Good travel writing is difficult. George Orwell put it well when he described ‘the normal stigmata of the travel book’: ‘the fake intensities, the tendency to discover the soul of a town after spending two hours in it, the boring descriptions of conversations with taxi drivers’. 

Not all the writing in The Best collection escapes the bite of that passage. And the orientalism that often characterises western writing on other cultures is here too. One article describes for us ‘mystical India’; elsewhere we are told that ‘the jungle isn’t a place of science. It’s a place of potions and dream prophecies … an other-worldly kingdom where different laws apply.’

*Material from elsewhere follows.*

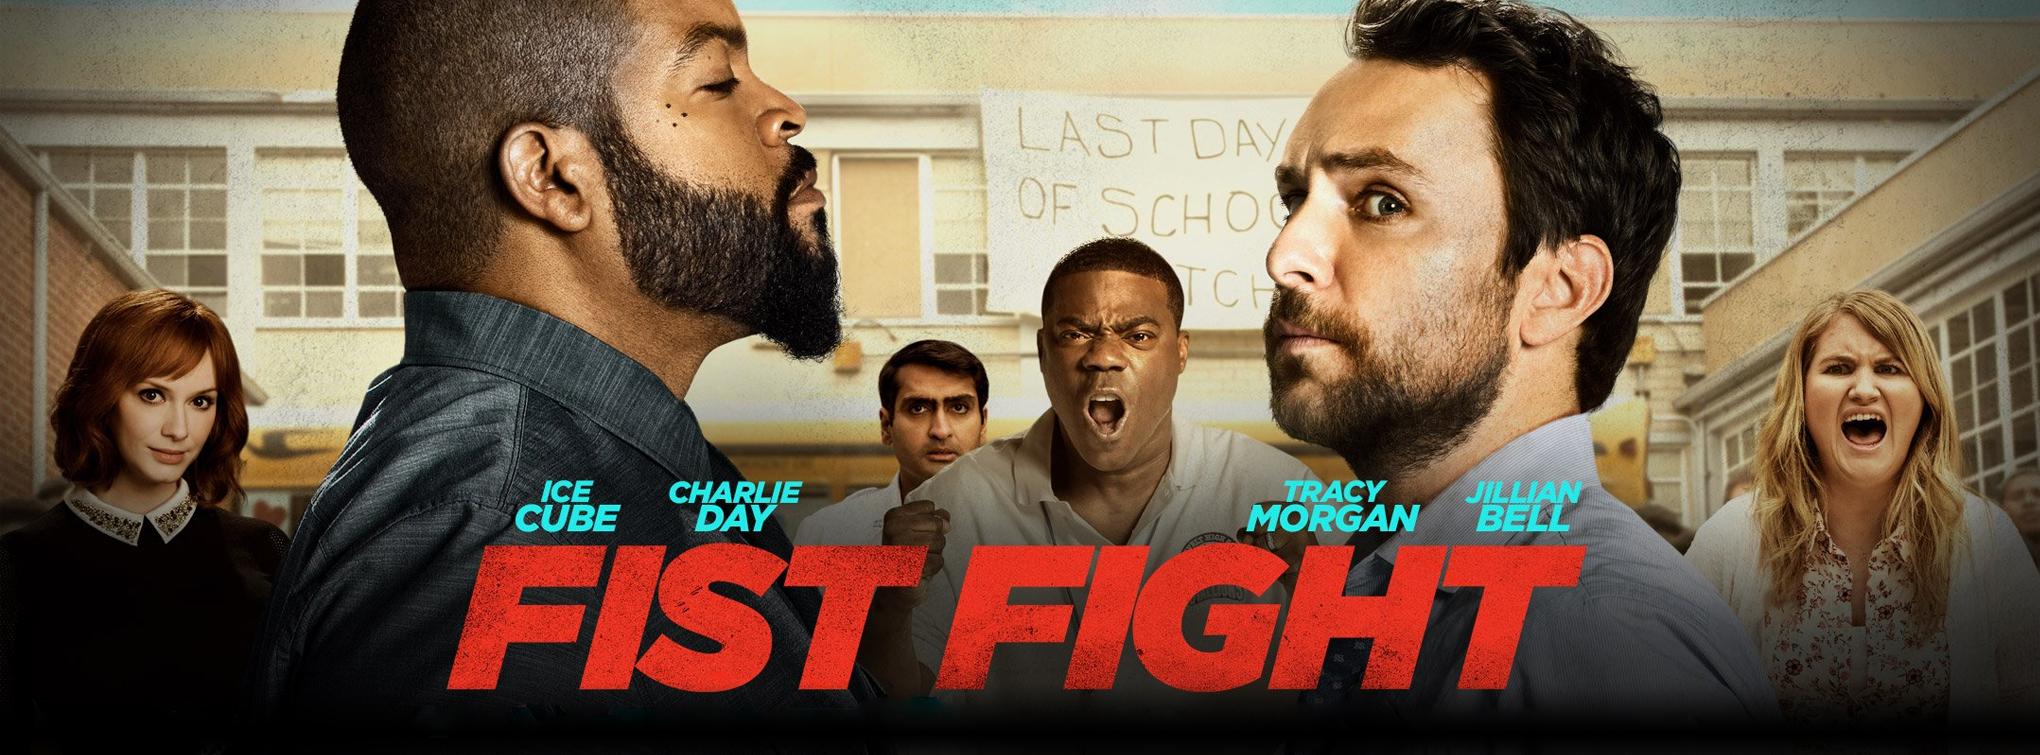 Fist Fight - premieres Thursday, February 16!

Happily, however, many of the pieces collected here avoid those pitfalls. The book opens with ‘The Night Train’ by Leon McCarron. The setting is the night – indeed only, there not being a train during the day – train from Baghdad to Basra. To create a sense of place, to have the reader feel in just a few short passages of description that they know a place and its people, though of course they do not, is the travel writer’s essential skill. And to do this without patronising either the reader or the place and people being described, whether by simplification or exaggeration: Orwell’s ‘fake intensities’ and unearned revelations. McCarron does this perfectly. He avoids clumsy attempts at sweeping insight, whether about travel in general or the circumstances of Iraq. Instead he relates, simply, the journey – or its outset at least – and the people encountered. That is not to say that McCarron eschews context, or that his article does not contain, or cannot prompt, serious reflection. McCarron touches on the origins of the train line under the Ottomans in 1914, conflict in and occupation of Iraq, and divisions in the country between Sunni and Shia. These things are part of his subject, and it would be false to ignore them. But much travel writing would struggle to resist introducing some trite profundity, some generalising comment on ‘the soul of the town’. McCarron’s piece is all the stronger for resisting that urge. By standing back, relating but not editorialising, McCarron lets what he is describing speak for itself. People and places everywhere are compelling by themselves; they do not need a narrator shouting over the top to tell us their significance. 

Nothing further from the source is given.